While bone mineral density (BMD) based on dual-energy X-ray absorptiometry (DXA) scans was not a practical measurement to take from those infected with SARS-CoV-2 during their illness, researchers have been able to calculate BMD from the chest CTs of those admitted to the hospital. Vertebral BMD calculated from the initial chest CTs of hospitalized SARS-CoV-2-infected patients (
n = 58) showed a lower BMD was predictive of patients with higher rates of mortality, ICU admission, and mechanical ventilation using univariate analysis, indicating patients with low BMD would be more likely to have severe disease [
29]. Of interest, this same study showed age was an equivalent predictor of outcomes when compared to BMD. In a separate study (
n = 209), vertebral BMD and whether the patient was classified as having lower BMD (<100 Hounsfield Units) were significant independent predictors of mortality in SARS-CoV-2-infected patients using univariate analysis [
30]. BMD correlated with the clinical classification of the severity of the SARS-CoV-2 infection and multivariate analysis also indicated that vertebral BMD and whether the patient was classified as having lower BMD were independent predictors of mortality [
30]. Both studies utilizing vertebral BMD did not have initial BMD baselines prior to infection, so it remains to be seen if patients with low BMD are at higher risk of severe SARS-CoV-2 infection or if the initial immune response to SARS-CoV-2 infection alters BMD. However, one study found that chest BMD was decreased 81 days after hospital discharge compared to the BMD calculated at diagnosis among hospitalized SARS-CoV-2-infected patients (
n = 58) [
31]. Overall, these studies indicate that severe SARS-CoV-2 infection requiring hospitalization could cause BMD loss. However, there is evidence that even non-severe SARS-CoV-2 infections can lead to BMD loss. A study measured BMD with DXA from osteoporotic patients (
n = 100) and compared these baseline scans in patients who had a SARS-CoV-2 infection and those who did not 9 months later and determined that the BMD was lower after 9 months in osteoporotic SARS-CoV-2-infected patients, but not osteoporotic SARS-CoV-2-uninfected patients.

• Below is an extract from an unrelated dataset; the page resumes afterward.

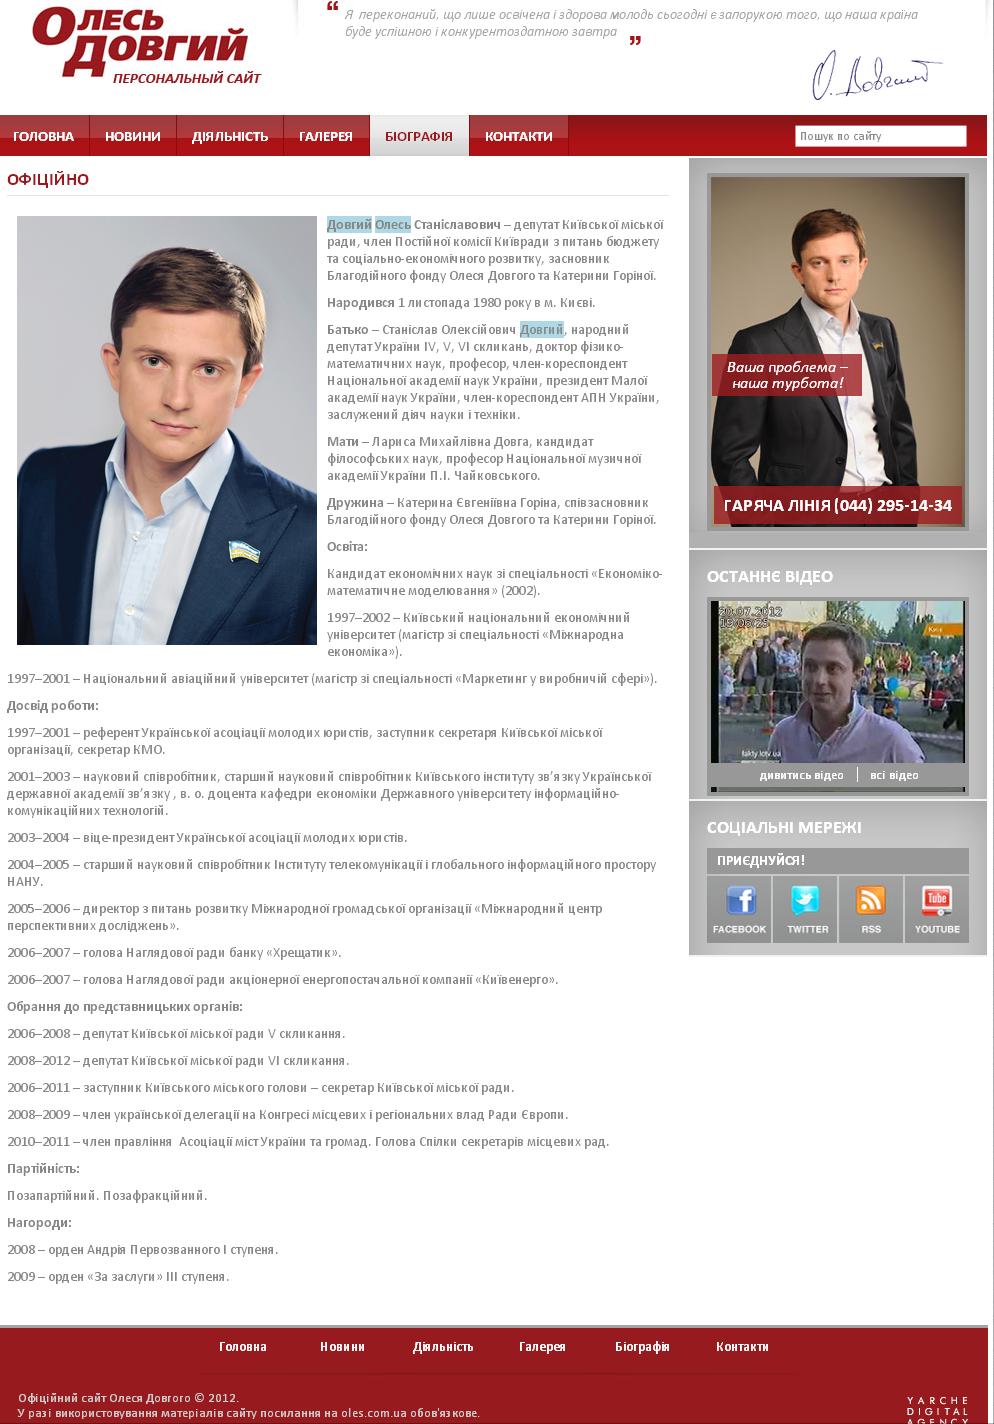 Олесь Довгий - анализ биографии

In this study, BMD was restored to baseline in patients with SARS-CoV-2 infection by 21 months; however, they did not show gains in BMD due to their osteoporosis treatment like the SARS-CoV-2-uninfected group. The SARS-CoV-2-infected group included those with mild, moderate, and severe infections. While those with severe infections had greater losses in BMD, BMD loss still occurred in those with mild and moderate infections [
32]. While these previous studies determined BMD loss may occur, they did not investigate mechanisms for bone loss. One small study (
n = 130) provides some possible mechanistic insight. Specifically, when comparing age- and body mass index (BMI)-matched SARS-CoV-2-infected patients 3-months post-infection with never-infected control patients, they found a significantly higher level of serum osteoprotegerin (OPG), a bone remodeling regulator, in the infected patients [
33]. These SARS-CoV-2 patients also exhibited significant reductions in BMD compared to never-infected controls. While they found a significant inverse correlation between OPG levels and DXA T-score measurements, causation was not specifically examined. Of note, when comparing SARS-CoV-2-infected patients with never-infected controls, no differences were observed in serum angiotensin converting enzyme-2 (ACE-2) levels and no correlations were observed between ACE-2 levels and either OPG levels or DXA T-score measurements [
33]. Another study examined the bone from total hip arthroplasties from controls, osteoporotic, and patients infected with SARS-CoV-2 at most 12 months prior to the total hip arthroplasties to determine if differences in bone quality, as measured by mechanics and lacunar geometry, existed [
34•]. Femoral heads were tested with synchrotron image-guided failure assessment to determine structure and mechanics. There were no differences in modulus between SARS-CoV-2-infected patients and controls, while osteoporotic samples did show differences. There was a high amount of variability in the modulus of the SARS-CoV-2-infected patients, which could be an indication of early signs of mechanical deterioration or that some patients are susceptible to mechanical deterioration while others are not. However, artificial intelligence (AI)-guided image analysis indicated that SARS-CoV-2 infection had similar changes to lacunar structure as osteoporotic patients. Lacunae were larger and more spherically shaped. It is important to note that this study utilized a small number of biological samples. Control sample size was five females, osteoporotic sample size was five females, and SARS-CoV-2-infected sample size was five males and five females. Multiple test samples were taken from these patients, but biological sample size remained low [
34•]. Further work will need to be done to determine the long-term effects of SARS-CoV-2 infection on BMD and fracture risk, especially in patients who were not hospitalized with SARS-CoV-2 infection. Furthermore, more information on the mechanism of how bone loss occurs will need to be determined through basic and clinical research.